### What the task asks
Please, without any pictures, set down exactly the part of the listing below that opens with the line containing "NASA Quesst ger" and closes with the line containing "اهم 7 معلومات".

### Task material
━━━━━━━━━━━━━━━━━━━━

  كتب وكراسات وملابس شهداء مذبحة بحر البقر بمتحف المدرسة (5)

━━━━━━━━━━━━━━━━━━━━

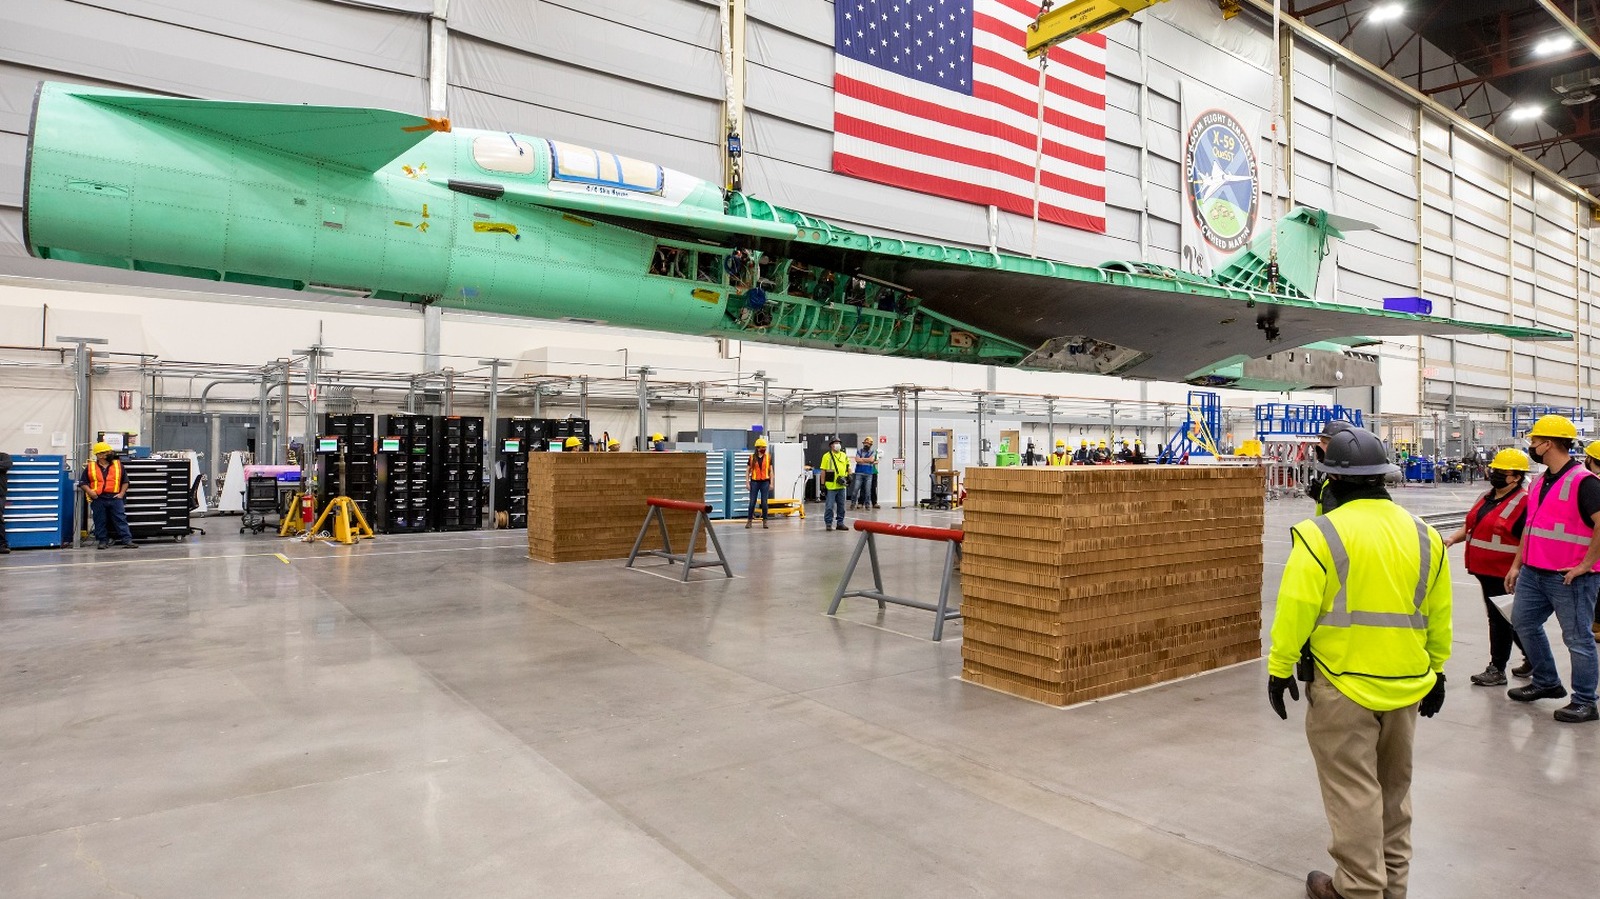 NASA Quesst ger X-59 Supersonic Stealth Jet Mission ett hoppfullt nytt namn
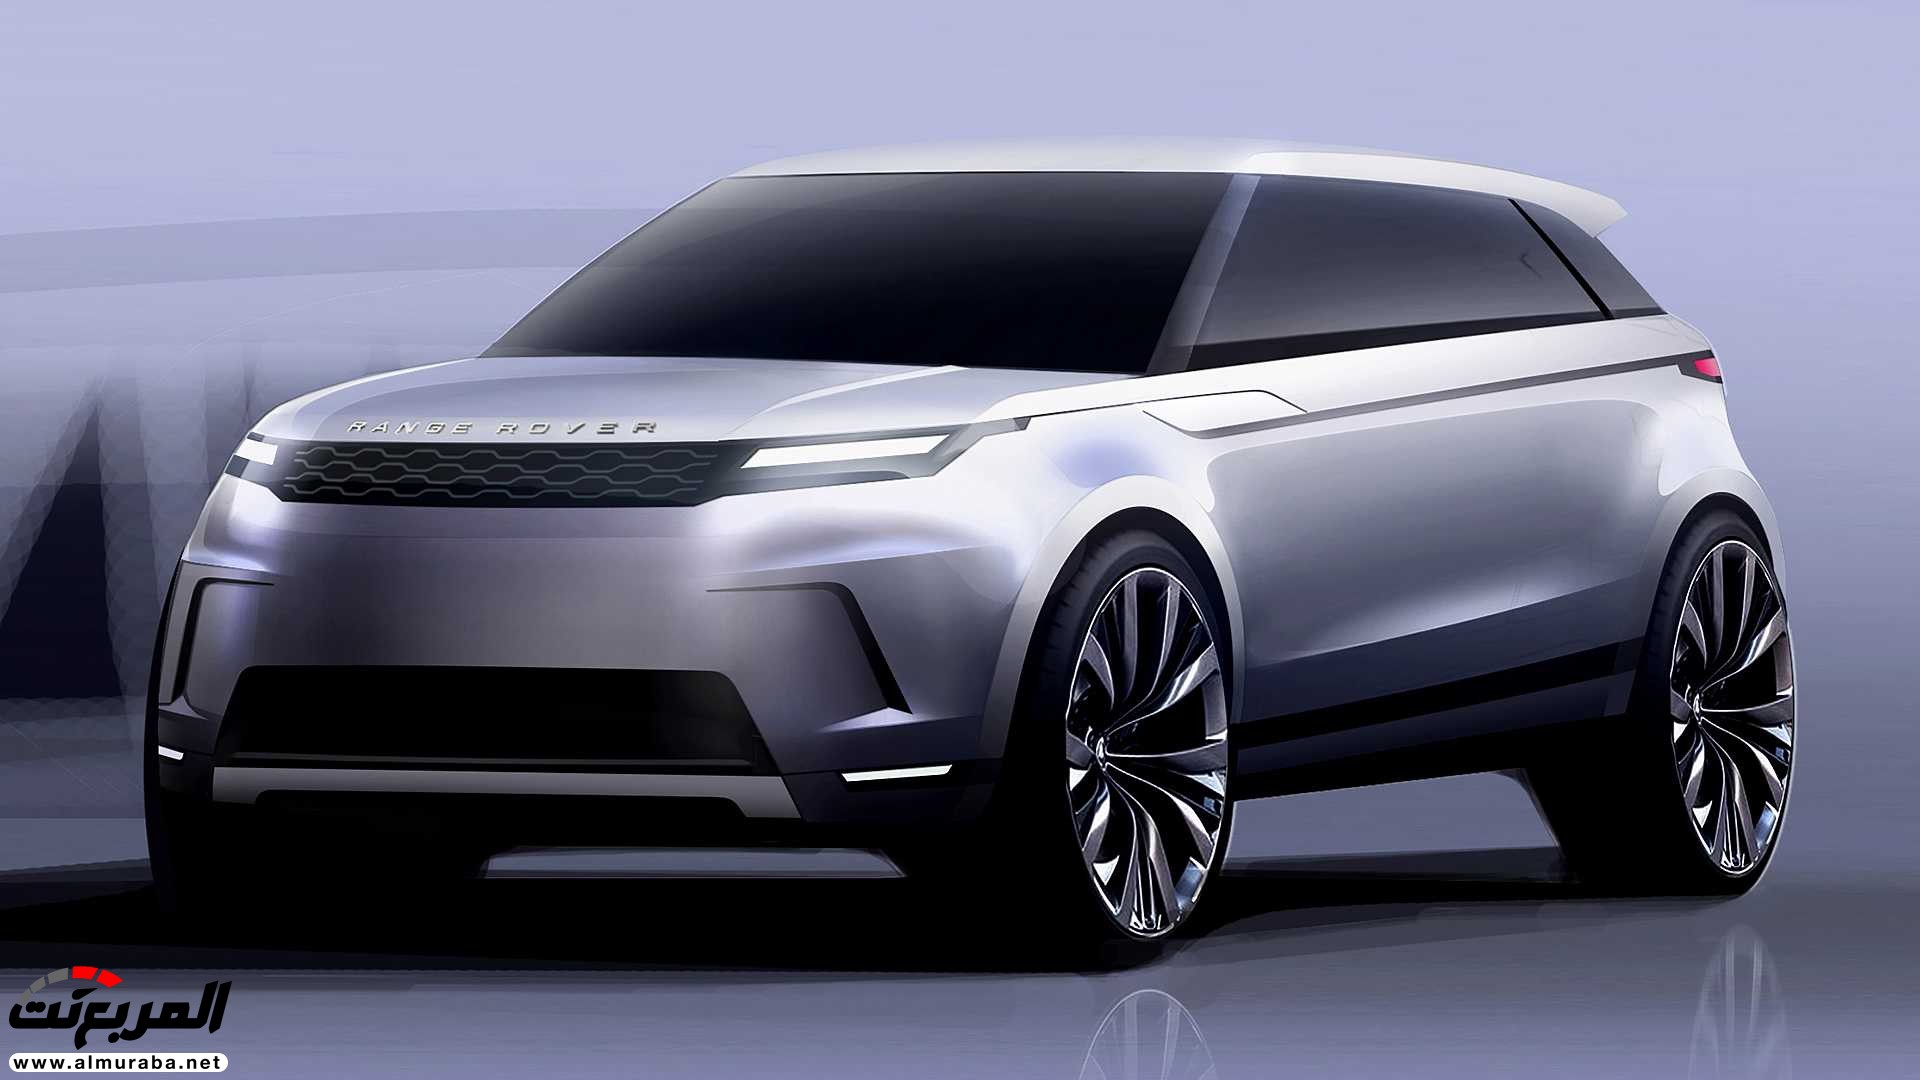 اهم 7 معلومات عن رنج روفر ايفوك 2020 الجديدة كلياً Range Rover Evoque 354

━━━━━━━━━━━━━━━━━━━━

### Task response
 NASA Quesst ger X-59 Supersonic Stealth Jet Mission ett hoppfullt nytt namn
 اهم 7 معلومات عن رنج روفر ايفوك 2020 الجديدة كلياً Range Rover Evoque 354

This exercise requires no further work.